Khoshmanesh has worked with Rajan since the summer on a project about synthetic data that combines statistics with data science. She has helped jumpstart her career in an emerging area that is exploding with need for skilled data scientists. She said Rajan’s mentorship has been invaluable.
“I recommend this school and Dr. Rajan to every person who wants to know about big data and data science and wants to have a career in that area,” she said.
Flourishing at Iowa State
Rajan graduated from the Indian Institute of Technology in 2000 and came to graduate school in the United States with a plan to go into industry. At the urging of his advisor, he pursued a research project in graduate school and got a taste of how energetic the field can be.
“Following my first conference presentation, people were engaged and interested in what I was doing,” he said. “They asked follow-up questions and that was very, very powerful. In some sense, it emphasized, at least to me, that it was important to be in a job where public disclosure of research is an integral part of it all.”

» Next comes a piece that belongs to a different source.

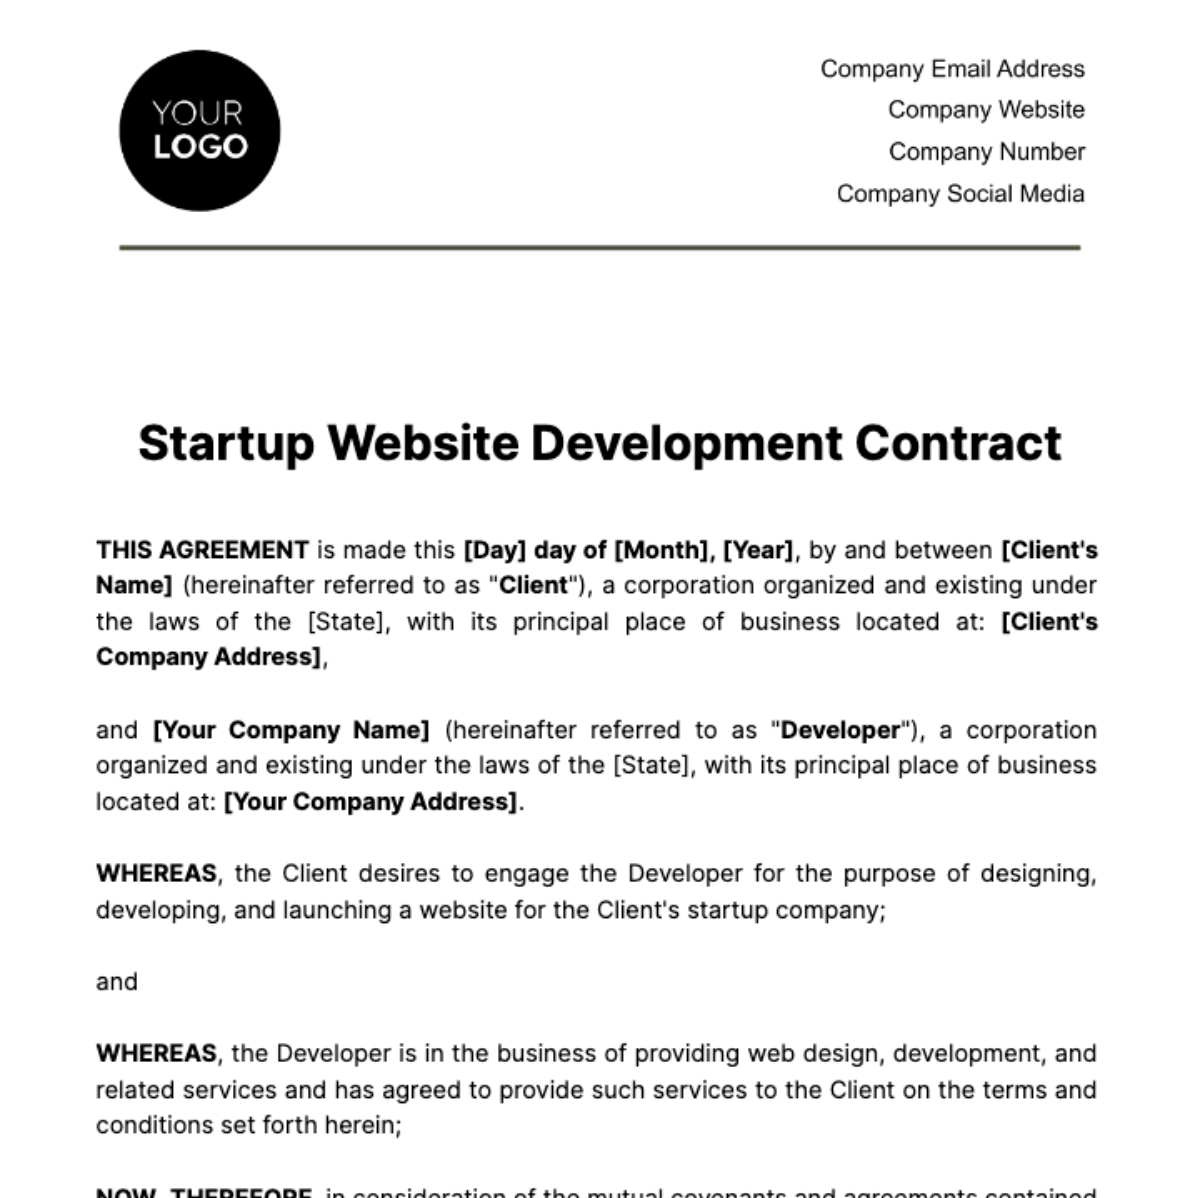 Startup Website Development Contract Template

“For our students, this is an opportunity to learn about these ideas that perhaps five years down the road will be put in a textbook.”
Research allowed him to investigate areas he would not have been able to otherwise, to explore new ideas in a variety of areas. It also opened up a clear avenue to mentor the up-and- coming scientists in data fields.

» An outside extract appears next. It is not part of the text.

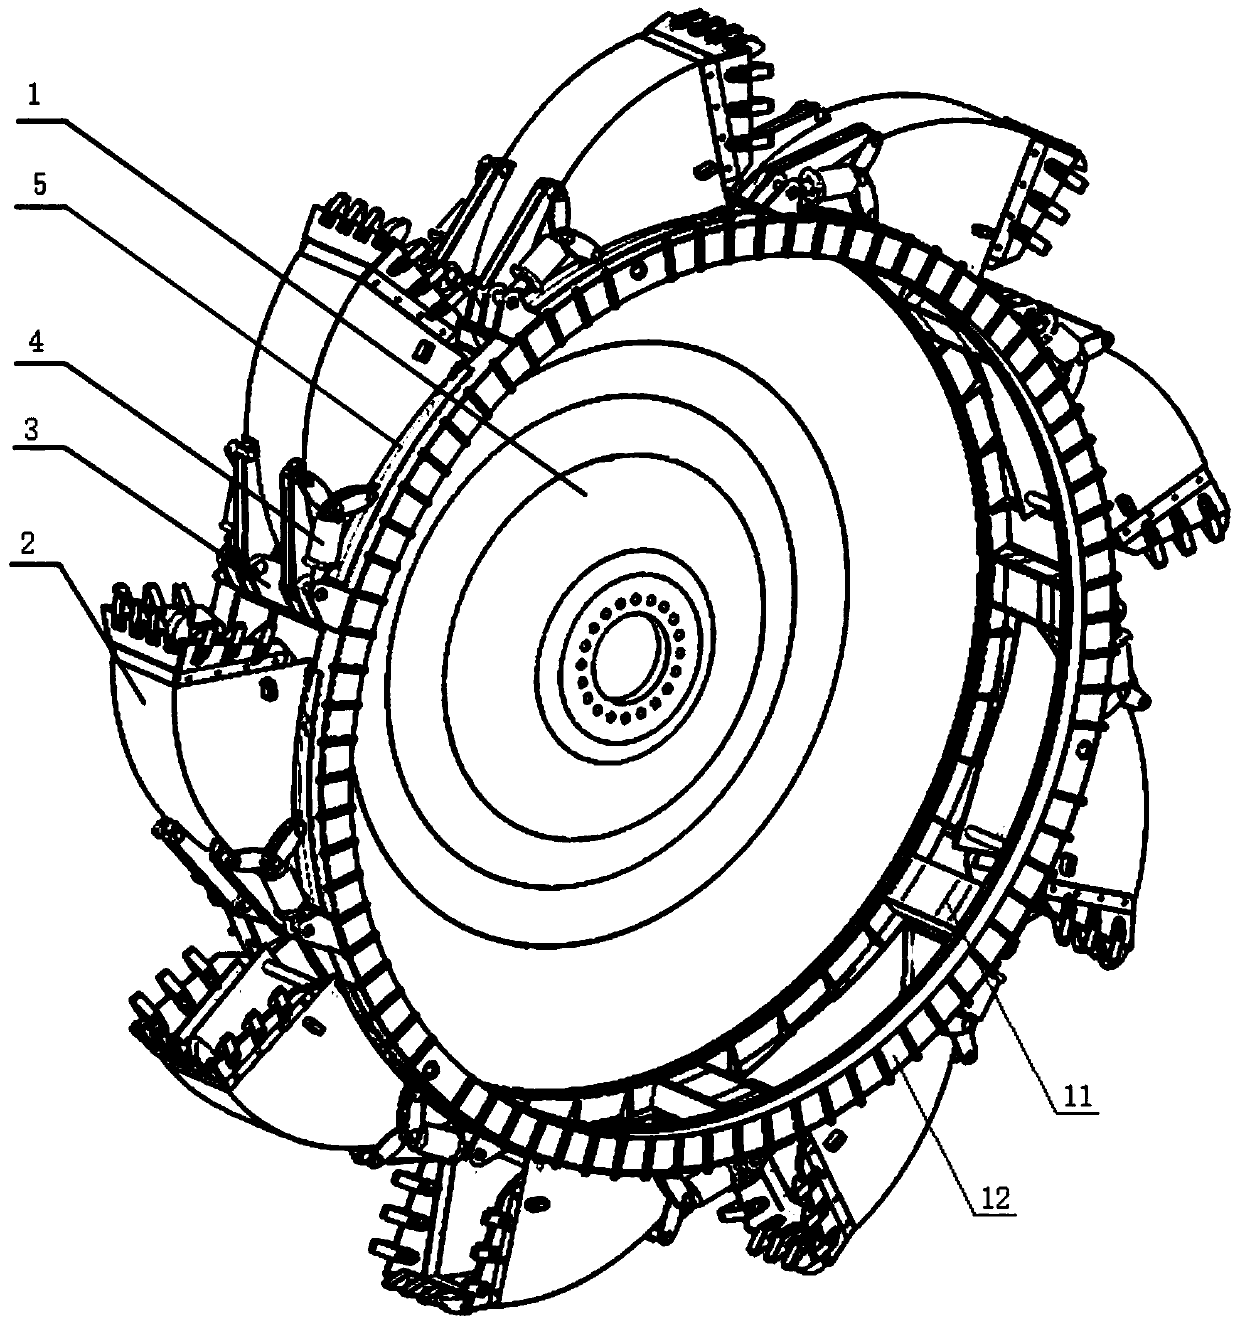 Rigid-flexible coupling self-adaptive bucket wheel device

“Working with students and motivating them to take on challenges – that was even more powerful,” he said. “For our students, this is an opportunity to learn about these ideas that perhaps five years down the road will be put in a textbook,” he said.
In the yet-to-be-tamed world of data science, Rajan creates a sense of calm with solutions that make a difference, ensuring Iowa State remains a research powerhouse with the tools to push data-driven science forward.
Hridesh Rajan’s work is exceptional in part because it relies on interdisciplinary collaboration. Research breakthroughs are a team effort, comprised of fellow LAS and ISU colleagues, as well as collaborations with esteemed scientists around the world. Key team members include: Gianfranco Ciardo (professor and chair of the Department of Computer Science at Iowa State), Stephen Holland (associate professor of aerospace engineering at Iowa State), Heike Hofmann (professor of statistics at Iowa State), Jim Reecy (professor of animal science and associate vice president for research at Iowa State), Andrew Severin (adjunct assistant professor and manager of the Genome Informatics Facility at Iowa State), Anuj Sharma (associate professor of civil, construction and environmental engineering at Iowa State), Jin Tian (associate professor of computer science at Iowa State), Hoan Nguyen (’16 Ph.D. computer engineering), Robert Dyer (’06 B.S, ’08 M.S., ’13 Ph.D. computer science), Samantha Khairunnesa (’19 Ph.D. computer science), John Singleton (Ph.D. candidate at the University of Central Florida), Gary Leavens (affiliate professor of computer science at Iowa State, and professor and chair of the University of Central Florida’s Department of Computer Science), and Tien N. Nguyen (associate professor of computer science at the University of Texas at Dallas).